Yuan Fang and Kevin Chang and Hady Lauw
As the central notion in semi-supervised learning, smoothness is often realized on a graph representation of the data. In this paper, we study two complementary dimensions of smoothness: its pointwise nature and probabilistic modeling. While no existing graph-based work exploits them in conjunction, we encompass both in a novel framework of Probabilistic Graph-based Pointwise Smoothness (PGP), building upon two foundational models of data closeness and label coupling. This new form of smoothness axiomatizes a set of probability constraints, which ultimately enables class prediction. Theoretically, we provide an error and robustness analysis of PGP. Empirically, we conduct extensive experiments to show the advantages of PGP.

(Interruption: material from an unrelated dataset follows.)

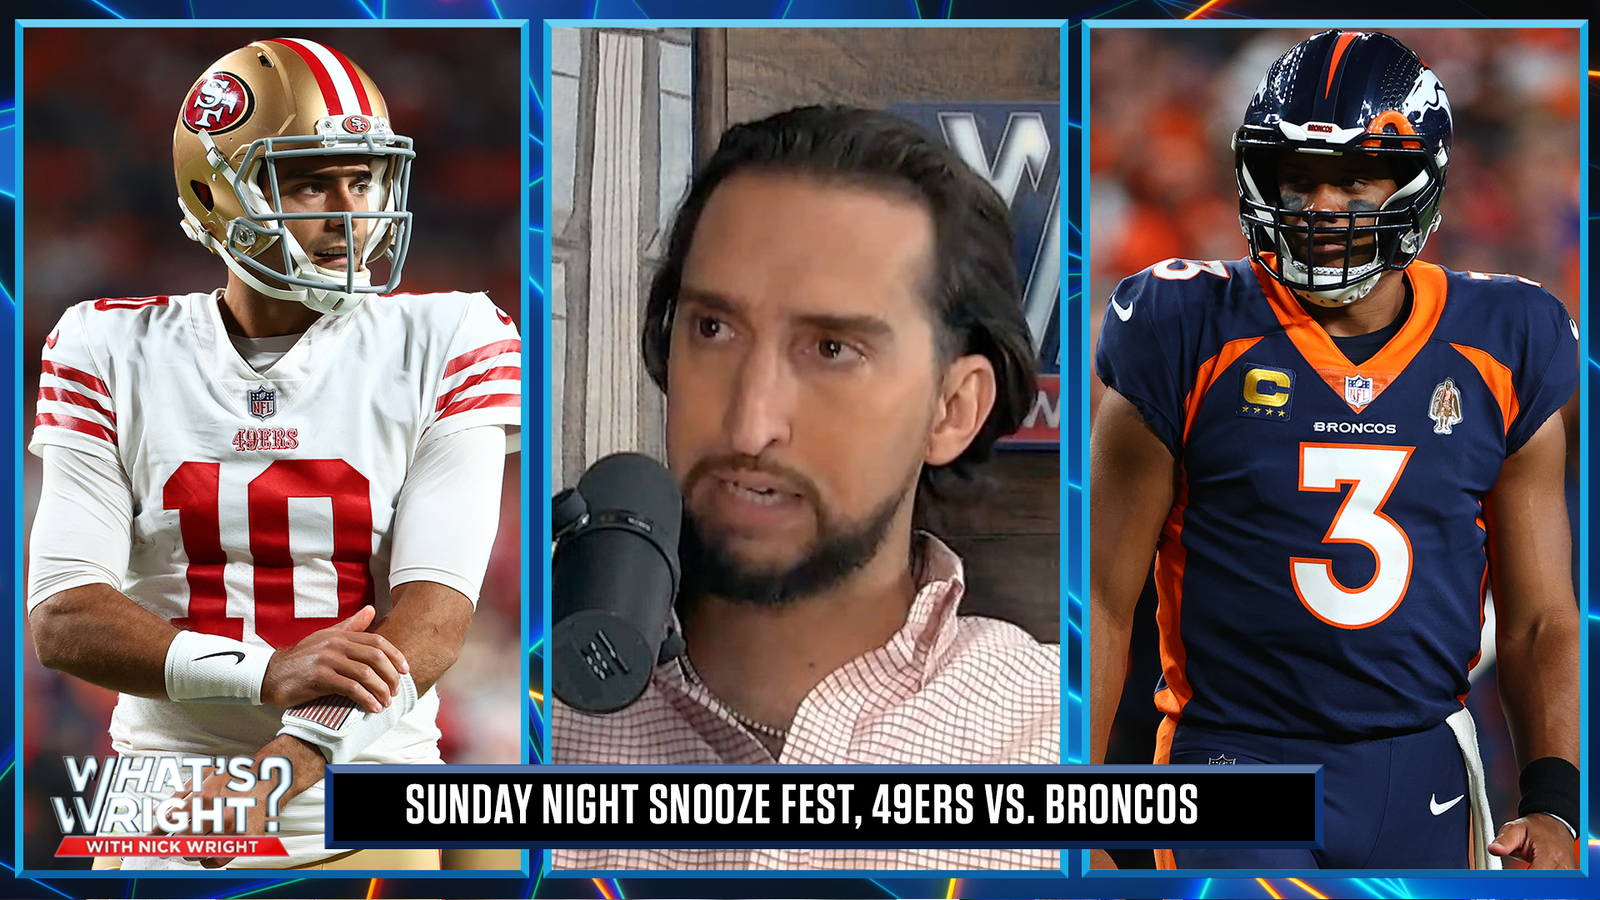 49ers vs. Broncos was one of the worst NFL games Nick has ever seen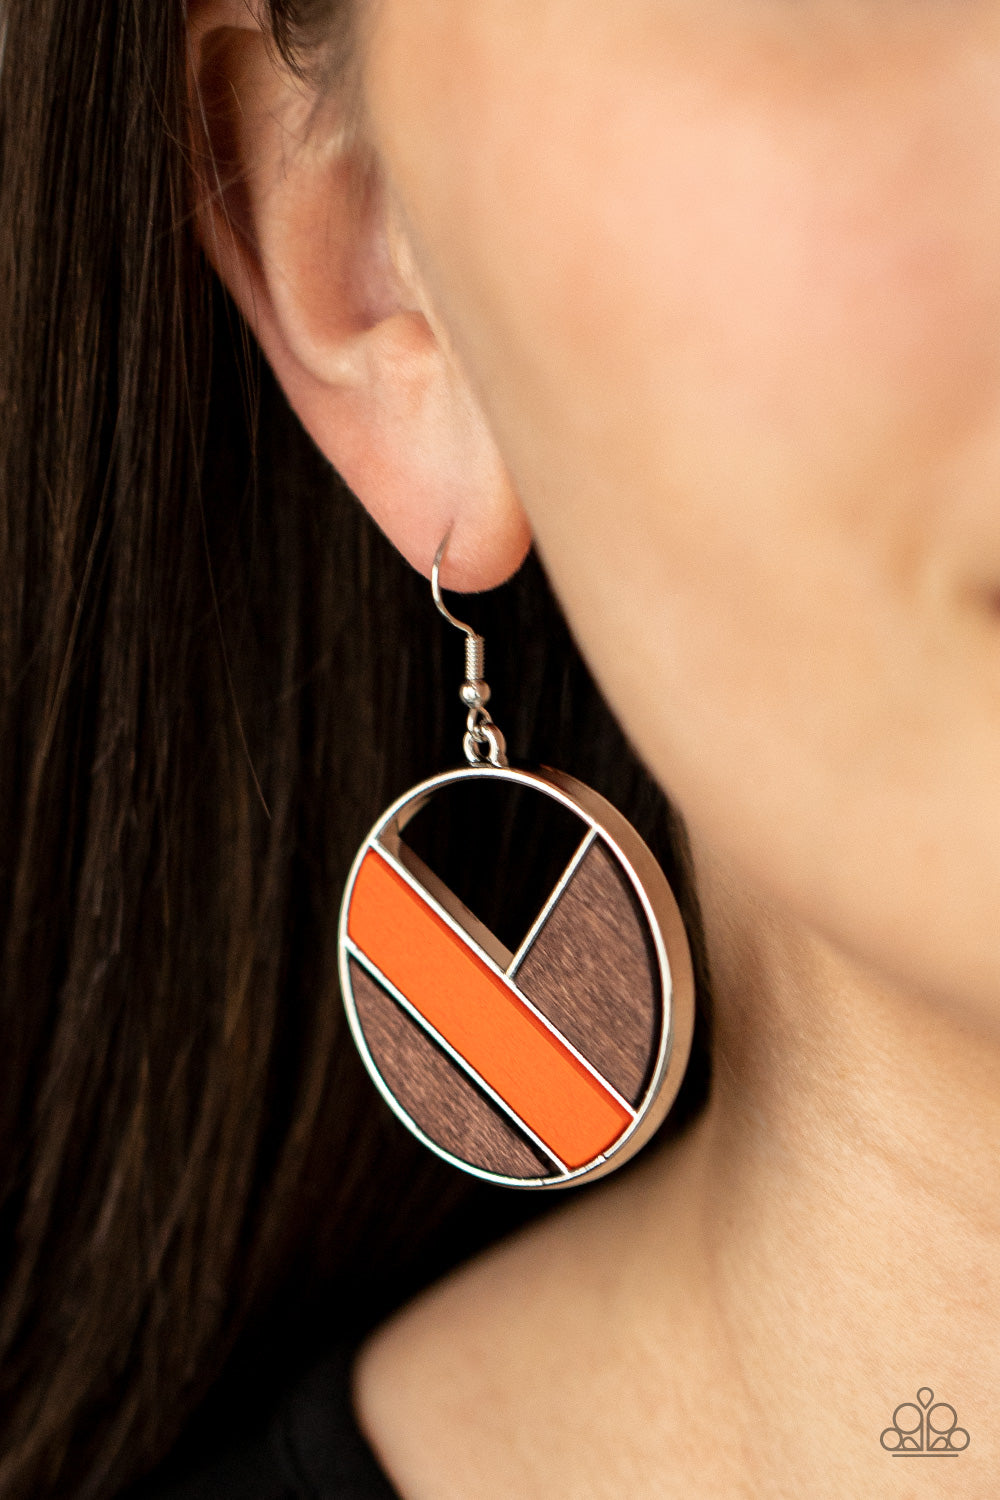 Paparazzi Dont Be MODest - Orange Earrings - A Finishing Touch Jewelry

Dani Yogatama and Noah Smith
In many high-dimensional learning problems, only some parts of an observation are important to the prediction task; for example, the cues to correctly categorizing a document may lie in a handful of its sentences. We introduce a learning algorithm that exploits this intuition by encoding it in a regularizer. Specifically, we apply the sparse overlapping group lasso with one group for every bundle of features occurring together in a training-data sentence, leading to thousands to millions of overlapping groups. We show how to efficiently solve the resulting optimization challenge using the alternating directions method of multipliers. We find that the resulting method significantly outperforms competitive baselines (standard ridge, lasso, and elastic net regularizers) on a suite of real-world text categorization problems.
Farhad Pourkamali Anaraki and Shannon Hughes
Algorithms that can efficiently recover principal components in very high-dimensional, streaming, and/or distributed data settings have become an important topic in the literature. In this paper, we propose an approach to principal component estimation that utilizes projections onto very sparse random vectors with Bernoulli-generated nonzero entries. Indeed, our approach is simultaneously efficient in memory/storage space, efficient in computation, and produces accurate PC estimates, while also allowing for rigorous theoretical performance analysis. Moreover, one can tune the sparsity of the random vectors deliberately to achieve a desired point on the tradeoffs between memory, computation, and accuracy. We rigorously characterize these tradeoffs and provide statistical performance guarantees. In addition to these very sparse random vectors, our analysis also applies to more general random projections. We present experimental results demonstrating that this approach allows for simultaneously achieving a substantial reduction of the computational complexity and memory/storage space, with little loss in accuracy, particularly for very high-dimensional data.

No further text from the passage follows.